**The task**
Please copy exactly the lines that run from the start of the entries to the line containing "Kitty litter box basics for cat owners", inclusive.

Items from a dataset
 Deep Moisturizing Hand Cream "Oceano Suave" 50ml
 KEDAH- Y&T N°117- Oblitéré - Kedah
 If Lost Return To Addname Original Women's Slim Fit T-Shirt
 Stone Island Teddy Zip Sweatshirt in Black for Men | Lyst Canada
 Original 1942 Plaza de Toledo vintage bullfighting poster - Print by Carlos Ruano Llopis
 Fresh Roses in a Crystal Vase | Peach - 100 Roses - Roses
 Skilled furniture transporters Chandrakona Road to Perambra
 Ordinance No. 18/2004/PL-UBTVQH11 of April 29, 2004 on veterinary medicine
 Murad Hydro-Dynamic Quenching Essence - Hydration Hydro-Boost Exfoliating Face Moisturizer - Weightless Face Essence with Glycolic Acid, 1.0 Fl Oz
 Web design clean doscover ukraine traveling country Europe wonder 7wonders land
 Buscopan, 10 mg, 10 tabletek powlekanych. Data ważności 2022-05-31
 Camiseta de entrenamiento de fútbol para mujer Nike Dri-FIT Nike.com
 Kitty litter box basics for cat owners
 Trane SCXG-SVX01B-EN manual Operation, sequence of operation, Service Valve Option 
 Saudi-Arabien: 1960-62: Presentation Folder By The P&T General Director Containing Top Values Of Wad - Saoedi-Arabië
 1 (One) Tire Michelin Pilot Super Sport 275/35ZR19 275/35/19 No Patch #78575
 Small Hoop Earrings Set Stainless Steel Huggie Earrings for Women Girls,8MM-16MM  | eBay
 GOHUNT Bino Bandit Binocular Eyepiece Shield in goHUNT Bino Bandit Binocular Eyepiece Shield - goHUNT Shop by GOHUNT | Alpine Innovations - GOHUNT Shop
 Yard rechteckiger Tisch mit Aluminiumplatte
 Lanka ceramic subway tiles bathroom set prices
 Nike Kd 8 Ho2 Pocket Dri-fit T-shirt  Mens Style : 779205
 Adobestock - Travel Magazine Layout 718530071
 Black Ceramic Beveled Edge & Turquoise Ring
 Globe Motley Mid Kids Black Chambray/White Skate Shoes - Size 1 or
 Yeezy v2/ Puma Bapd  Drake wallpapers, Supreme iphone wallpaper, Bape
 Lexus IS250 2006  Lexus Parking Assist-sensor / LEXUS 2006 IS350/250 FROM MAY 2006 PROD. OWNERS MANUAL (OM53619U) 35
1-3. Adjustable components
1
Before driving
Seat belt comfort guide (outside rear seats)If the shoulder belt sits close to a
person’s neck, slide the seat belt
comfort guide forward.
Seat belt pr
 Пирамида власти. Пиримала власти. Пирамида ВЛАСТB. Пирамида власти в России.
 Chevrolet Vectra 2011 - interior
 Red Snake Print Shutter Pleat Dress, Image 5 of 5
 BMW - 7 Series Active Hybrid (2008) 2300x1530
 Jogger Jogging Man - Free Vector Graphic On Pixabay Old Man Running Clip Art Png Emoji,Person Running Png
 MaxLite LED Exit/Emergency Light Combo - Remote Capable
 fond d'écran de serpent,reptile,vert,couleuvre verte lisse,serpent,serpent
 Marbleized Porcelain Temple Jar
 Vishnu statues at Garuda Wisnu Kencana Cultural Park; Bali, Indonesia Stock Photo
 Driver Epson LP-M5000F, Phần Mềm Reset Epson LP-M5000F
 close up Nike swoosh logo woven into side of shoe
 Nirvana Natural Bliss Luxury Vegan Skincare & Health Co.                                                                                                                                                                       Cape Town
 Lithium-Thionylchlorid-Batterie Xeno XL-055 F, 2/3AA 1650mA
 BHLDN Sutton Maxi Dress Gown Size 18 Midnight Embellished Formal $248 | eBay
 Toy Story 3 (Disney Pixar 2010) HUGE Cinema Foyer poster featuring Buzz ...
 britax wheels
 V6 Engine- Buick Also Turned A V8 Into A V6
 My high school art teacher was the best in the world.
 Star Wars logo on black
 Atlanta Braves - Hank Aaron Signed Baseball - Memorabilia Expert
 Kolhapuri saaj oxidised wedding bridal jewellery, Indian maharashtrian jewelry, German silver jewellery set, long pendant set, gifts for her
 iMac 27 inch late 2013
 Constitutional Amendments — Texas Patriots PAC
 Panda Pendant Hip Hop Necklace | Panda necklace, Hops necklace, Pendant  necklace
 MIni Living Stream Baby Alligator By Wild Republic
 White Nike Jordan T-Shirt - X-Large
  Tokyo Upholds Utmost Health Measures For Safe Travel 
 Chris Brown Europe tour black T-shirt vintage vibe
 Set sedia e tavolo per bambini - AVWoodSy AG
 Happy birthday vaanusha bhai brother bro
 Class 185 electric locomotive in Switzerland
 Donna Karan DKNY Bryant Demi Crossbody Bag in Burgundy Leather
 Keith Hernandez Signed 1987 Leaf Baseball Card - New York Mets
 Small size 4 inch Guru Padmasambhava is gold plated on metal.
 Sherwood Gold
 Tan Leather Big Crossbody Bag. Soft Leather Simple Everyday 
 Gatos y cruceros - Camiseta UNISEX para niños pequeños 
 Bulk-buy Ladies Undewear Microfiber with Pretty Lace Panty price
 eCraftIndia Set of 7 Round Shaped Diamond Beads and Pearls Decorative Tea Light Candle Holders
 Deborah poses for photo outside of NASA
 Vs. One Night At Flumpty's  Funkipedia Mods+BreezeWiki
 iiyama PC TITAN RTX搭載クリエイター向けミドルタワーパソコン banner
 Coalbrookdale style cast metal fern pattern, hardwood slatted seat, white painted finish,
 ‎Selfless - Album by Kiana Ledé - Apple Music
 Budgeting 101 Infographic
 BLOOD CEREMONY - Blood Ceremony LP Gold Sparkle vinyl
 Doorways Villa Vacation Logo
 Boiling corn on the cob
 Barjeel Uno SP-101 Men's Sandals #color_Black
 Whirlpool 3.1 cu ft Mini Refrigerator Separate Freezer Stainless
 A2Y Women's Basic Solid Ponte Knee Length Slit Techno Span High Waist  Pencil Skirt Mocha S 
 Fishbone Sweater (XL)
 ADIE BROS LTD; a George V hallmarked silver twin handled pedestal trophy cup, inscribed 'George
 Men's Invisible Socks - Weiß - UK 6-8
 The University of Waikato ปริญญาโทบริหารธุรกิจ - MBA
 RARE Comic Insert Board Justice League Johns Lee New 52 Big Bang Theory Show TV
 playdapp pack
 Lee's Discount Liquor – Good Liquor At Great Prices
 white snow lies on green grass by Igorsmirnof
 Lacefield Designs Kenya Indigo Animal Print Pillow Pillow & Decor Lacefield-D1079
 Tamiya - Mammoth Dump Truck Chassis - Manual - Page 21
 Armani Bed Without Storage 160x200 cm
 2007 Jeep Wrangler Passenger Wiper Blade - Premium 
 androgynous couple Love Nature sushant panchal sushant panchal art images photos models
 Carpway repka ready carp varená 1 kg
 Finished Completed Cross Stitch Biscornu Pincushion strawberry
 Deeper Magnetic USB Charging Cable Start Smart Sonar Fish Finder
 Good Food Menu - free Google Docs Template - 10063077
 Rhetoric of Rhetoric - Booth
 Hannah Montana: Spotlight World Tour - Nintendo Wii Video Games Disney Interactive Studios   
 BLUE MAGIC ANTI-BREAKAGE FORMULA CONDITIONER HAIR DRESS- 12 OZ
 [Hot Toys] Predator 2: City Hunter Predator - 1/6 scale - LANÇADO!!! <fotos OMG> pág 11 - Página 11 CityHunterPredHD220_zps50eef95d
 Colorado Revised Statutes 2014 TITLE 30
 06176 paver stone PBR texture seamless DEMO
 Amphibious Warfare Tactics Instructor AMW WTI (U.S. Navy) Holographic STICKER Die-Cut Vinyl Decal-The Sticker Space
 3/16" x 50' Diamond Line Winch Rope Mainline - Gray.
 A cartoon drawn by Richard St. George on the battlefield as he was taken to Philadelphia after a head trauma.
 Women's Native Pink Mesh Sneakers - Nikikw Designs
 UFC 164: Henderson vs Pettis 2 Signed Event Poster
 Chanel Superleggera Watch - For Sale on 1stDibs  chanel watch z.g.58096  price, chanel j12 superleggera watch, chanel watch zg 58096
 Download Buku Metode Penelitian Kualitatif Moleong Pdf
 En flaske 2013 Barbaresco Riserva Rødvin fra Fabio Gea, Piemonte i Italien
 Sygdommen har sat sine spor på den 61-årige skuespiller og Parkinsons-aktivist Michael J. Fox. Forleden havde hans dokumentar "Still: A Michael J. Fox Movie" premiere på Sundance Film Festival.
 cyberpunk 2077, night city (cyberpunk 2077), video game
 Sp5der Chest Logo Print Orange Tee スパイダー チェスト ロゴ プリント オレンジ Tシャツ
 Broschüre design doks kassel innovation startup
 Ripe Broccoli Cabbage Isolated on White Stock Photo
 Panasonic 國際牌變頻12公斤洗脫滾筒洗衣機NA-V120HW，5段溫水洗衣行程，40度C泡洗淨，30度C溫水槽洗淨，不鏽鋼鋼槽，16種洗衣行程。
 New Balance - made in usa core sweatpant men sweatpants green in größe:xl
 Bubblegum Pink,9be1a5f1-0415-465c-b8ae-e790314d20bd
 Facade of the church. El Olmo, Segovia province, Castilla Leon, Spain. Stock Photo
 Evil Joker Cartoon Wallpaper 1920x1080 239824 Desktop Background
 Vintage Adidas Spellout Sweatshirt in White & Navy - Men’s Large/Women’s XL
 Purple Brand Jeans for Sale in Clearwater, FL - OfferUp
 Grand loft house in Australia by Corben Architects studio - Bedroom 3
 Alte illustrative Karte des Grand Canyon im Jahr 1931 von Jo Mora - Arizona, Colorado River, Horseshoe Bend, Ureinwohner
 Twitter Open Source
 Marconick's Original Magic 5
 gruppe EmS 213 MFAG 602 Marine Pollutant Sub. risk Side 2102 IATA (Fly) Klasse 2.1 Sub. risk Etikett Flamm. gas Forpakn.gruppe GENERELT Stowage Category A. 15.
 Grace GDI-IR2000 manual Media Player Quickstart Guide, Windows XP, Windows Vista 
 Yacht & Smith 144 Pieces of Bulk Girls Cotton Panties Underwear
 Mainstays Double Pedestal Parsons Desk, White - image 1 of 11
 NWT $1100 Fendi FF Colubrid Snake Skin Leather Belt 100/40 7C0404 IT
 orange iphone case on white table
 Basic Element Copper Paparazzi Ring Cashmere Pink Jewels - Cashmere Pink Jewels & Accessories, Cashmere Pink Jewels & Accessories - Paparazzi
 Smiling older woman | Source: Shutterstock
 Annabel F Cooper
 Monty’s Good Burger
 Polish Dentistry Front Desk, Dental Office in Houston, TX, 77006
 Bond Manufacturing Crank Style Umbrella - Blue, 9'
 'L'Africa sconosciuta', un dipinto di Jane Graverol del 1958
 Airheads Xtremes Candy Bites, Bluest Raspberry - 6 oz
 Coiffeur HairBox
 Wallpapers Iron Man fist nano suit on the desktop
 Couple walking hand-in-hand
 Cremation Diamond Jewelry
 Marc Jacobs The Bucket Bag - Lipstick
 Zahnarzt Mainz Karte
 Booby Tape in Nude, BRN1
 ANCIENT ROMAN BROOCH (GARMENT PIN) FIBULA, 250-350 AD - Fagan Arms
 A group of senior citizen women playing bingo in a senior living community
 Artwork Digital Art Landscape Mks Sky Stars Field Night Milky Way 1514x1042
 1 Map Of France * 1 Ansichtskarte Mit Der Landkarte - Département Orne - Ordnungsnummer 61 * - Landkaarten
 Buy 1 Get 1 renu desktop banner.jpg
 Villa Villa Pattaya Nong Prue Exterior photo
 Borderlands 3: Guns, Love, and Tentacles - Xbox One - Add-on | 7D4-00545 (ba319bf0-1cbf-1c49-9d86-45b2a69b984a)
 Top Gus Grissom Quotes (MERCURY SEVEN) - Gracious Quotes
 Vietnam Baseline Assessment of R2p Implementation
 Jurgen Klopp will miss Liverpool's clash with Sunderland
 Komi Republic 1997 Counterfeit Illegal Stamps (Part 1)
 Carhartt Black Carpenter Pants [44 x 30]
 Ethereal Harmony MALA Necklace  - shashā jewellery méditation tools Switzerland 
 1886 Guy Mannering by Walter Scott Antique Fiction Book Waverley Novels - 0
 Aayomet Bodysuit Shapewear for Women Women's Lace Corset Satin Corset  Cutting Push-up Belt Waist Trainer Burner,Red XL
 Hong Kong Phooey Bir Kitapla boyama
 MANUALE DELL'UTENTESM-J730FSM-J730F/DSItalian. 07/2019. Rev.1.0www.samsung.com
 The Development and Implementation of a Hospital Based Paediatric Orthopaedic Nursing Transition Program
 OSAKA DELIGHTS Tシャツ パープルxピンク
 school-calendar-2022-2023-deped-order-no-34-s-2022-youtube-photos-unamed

**Exercise solution**
 Deep Moisturizing Hand Cream "Oceano Suave" 50ml
 KEDAH- Y&T N°117- Oblitéré - Kedah
 If Lost Return To Addname Original Women's Slim Fit T-Shirt
 Stone Island Teddy Zip Sweatshirt in Black for Men | Lyst Canada
 Original 1942 Plaza de Toledo vintage bullfighting poster - Print by Carlos Ruano Llopis
 Fresh Roses in a Crystal Vase | Peach - 100 Roses - Roses
 Skilled furniture transporters Chandrakona Road to Perambra
 Ordinance No. 18/2004/PL-UBTVQH11 of April 29, 2004 on veterinary medicine
 Murad Hydro-Dynamic Quenching Essence - Hydration Hydro-Boost Exfoliating Face Moisturizer - Weightless Face Essence with Glycolic Acid, 1.0 Fl Oz
 Web design clean doscover ukraine traveling country Europe wonder 7wonders land
 Buscopan, 10 mg, 10 tabletek powlekanych. Data ważności 2022-05-31
 Camiseta de entrenamiento de fútbol para mujer Nike Dri-FIT Nike.com
 Kitty litter box basics for cat owners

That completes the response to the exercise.